On Free Edition, you work with simple table names (no catalog or schema prefix). When you move to a paid workspace, your platform team will have set up a catalog and schema for your team - they will tell you the prefix to use.
The catalog hierarchy in practice¶
In a paid workspace, the first thing to understand is what catalog and schema your team uses. Common patterns:
pricing.motor.claims_exposure <- Motor claims data
pricing.motor.model_relativities <- Model outputs
pricing.home.claims_exposure <- Home claims data
pricing.governance.model_run_log <- Audit log
You do not need to create these - in most organisations the platform team sets up the catalog structure and grants your team access. What you do need is the prefix, which goes at the start of every table reference in your notebooks.
This is covered in detail in Module 2, once you are working in a team environment.
What's next¶
You now have a working Databricks environment. You know how to create notebooks, run Python code, load data, and save it as a Delta table.
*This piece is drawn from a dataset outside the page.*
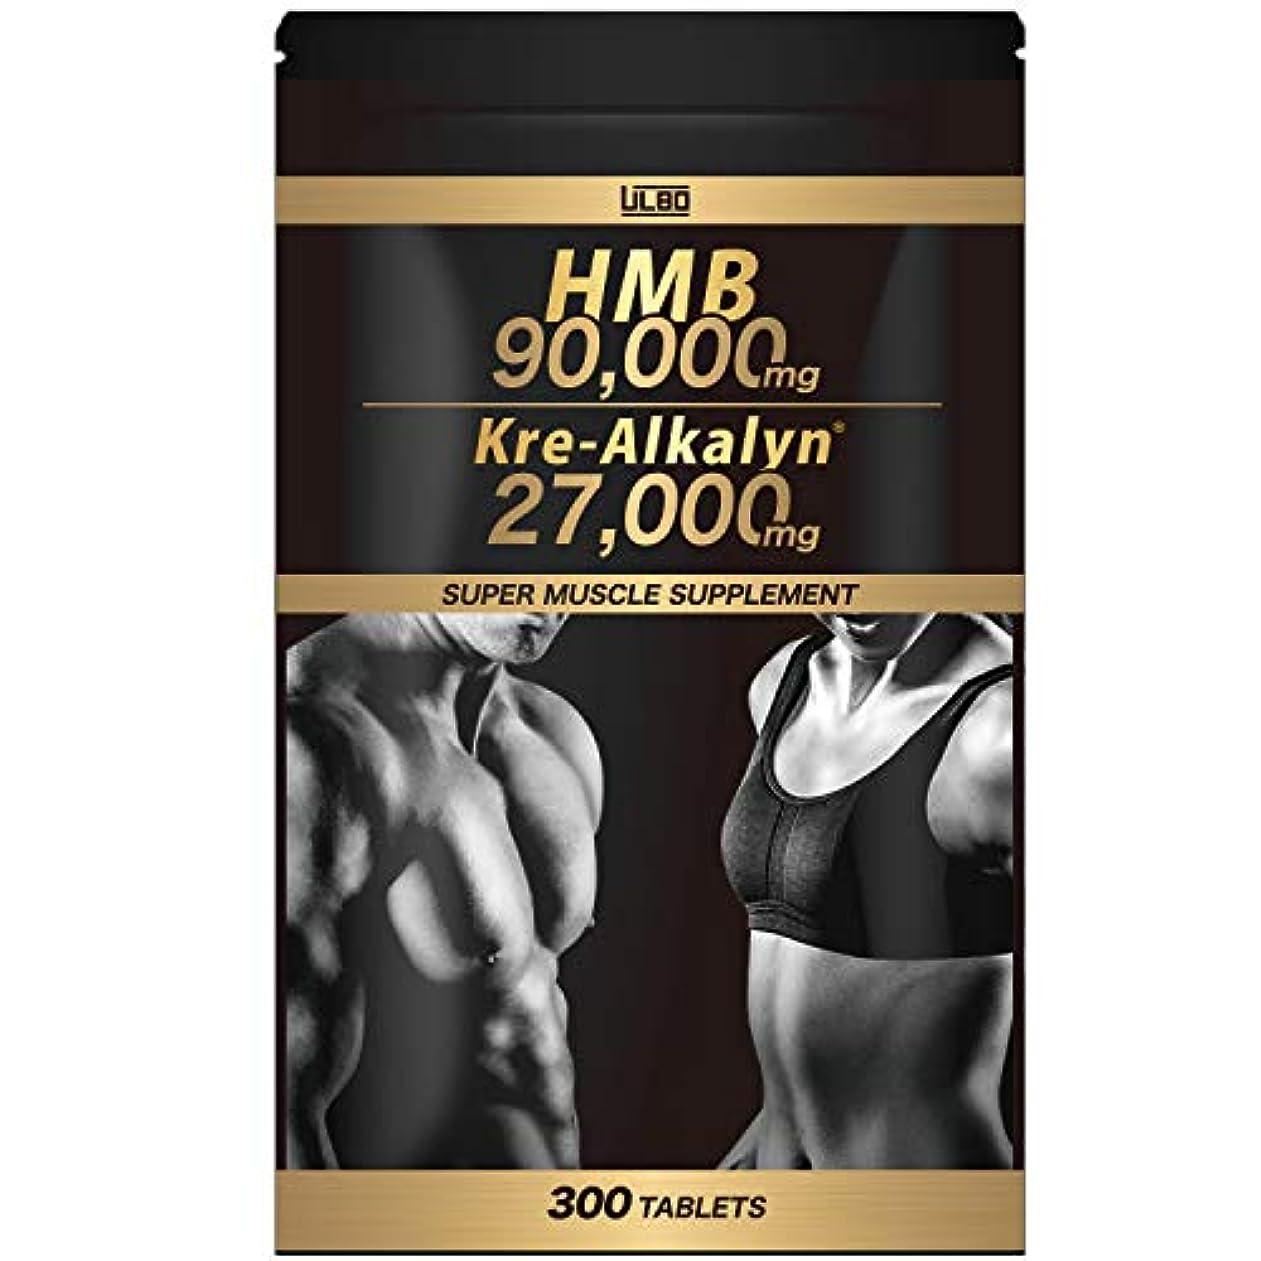 注釈を付ける残り資本主義ULBO HMB 吸収効率3.3倍 高純度クレアチン サプリメント 1袋HMB90,000mg配合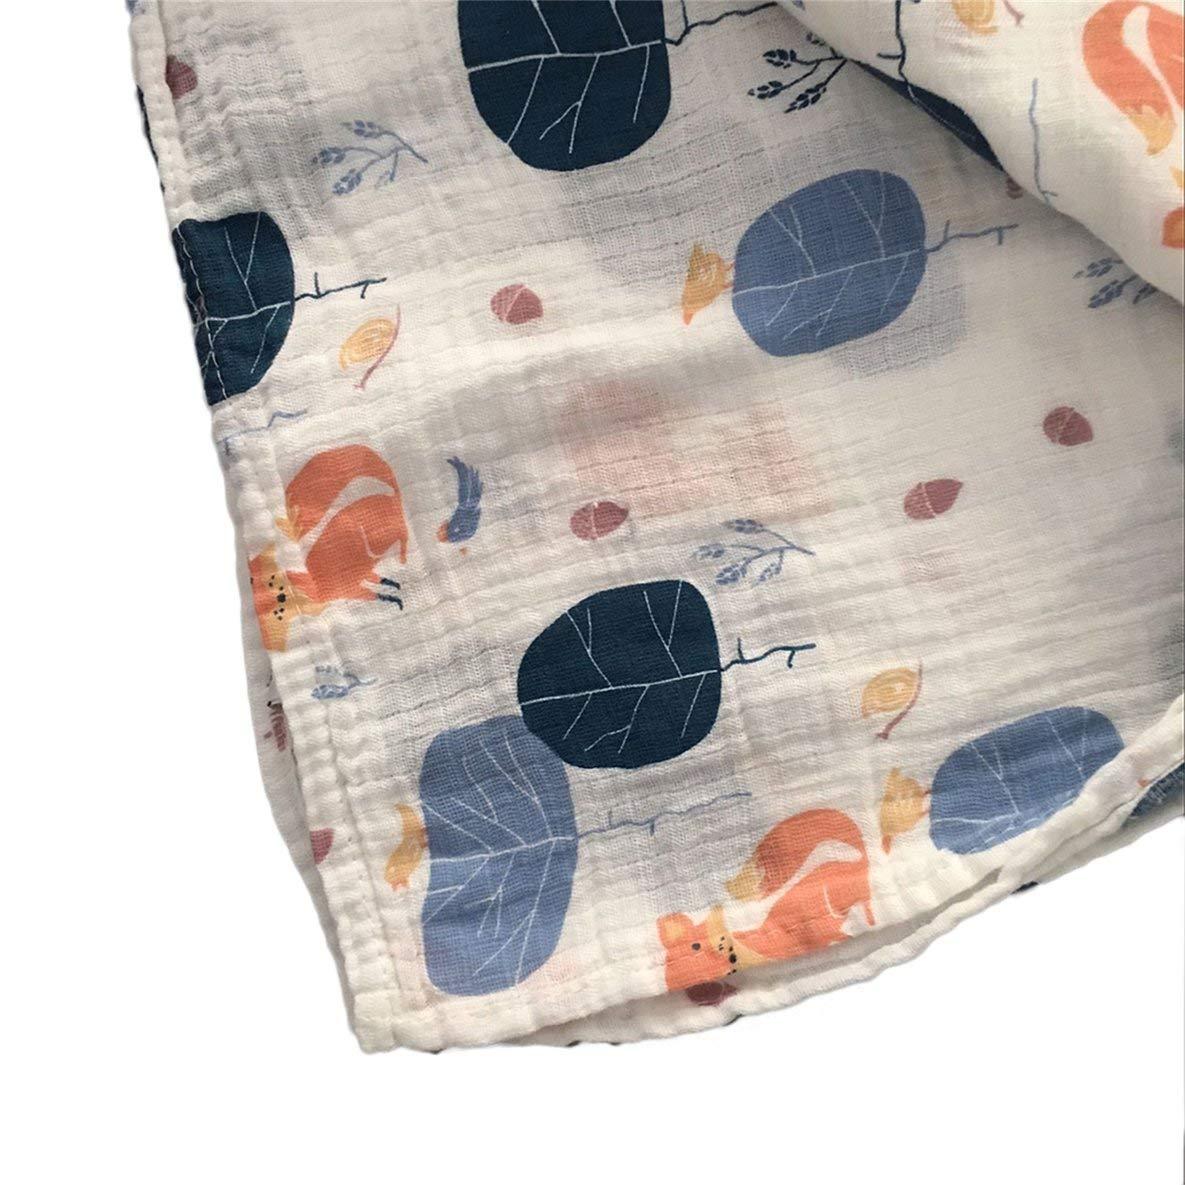 Noradtjcca 120x120cm Mussola Bambino fasciatoio Bambino fasciatoio Cotone 100/% Neonato Asciugamano da Bagno Swaddle Coperte Multi Disegni funzioni

You understand what a cluster is and how to manage it.
Module 2: GLMs for Frequency and Severity - trains Poisson frequency and Gamma severity models on real claims data loaded into Delta tables. Introduces PySpark for reading large datasets, Polars for analysis, and MLflow for experiment tracking. By the end of Module 2 you have a working GLM pipeline that produces factor tables.
Module 3: Gradient Boosted Models with CatBoost - replaces the GLM frequency model with a CatBoost model. Covers hyperparameter tuning, cross-validation designed for insurance data, and model comparison against the GLM benchmark.
The infrastructure you set up here - the workspace, the cluster, the Delta tables - is used in every subsequent module. When Module 2 reads from pricing.motor.claims_exposure, it is reading from a table structured exactly as described in Part 4 and Part 7.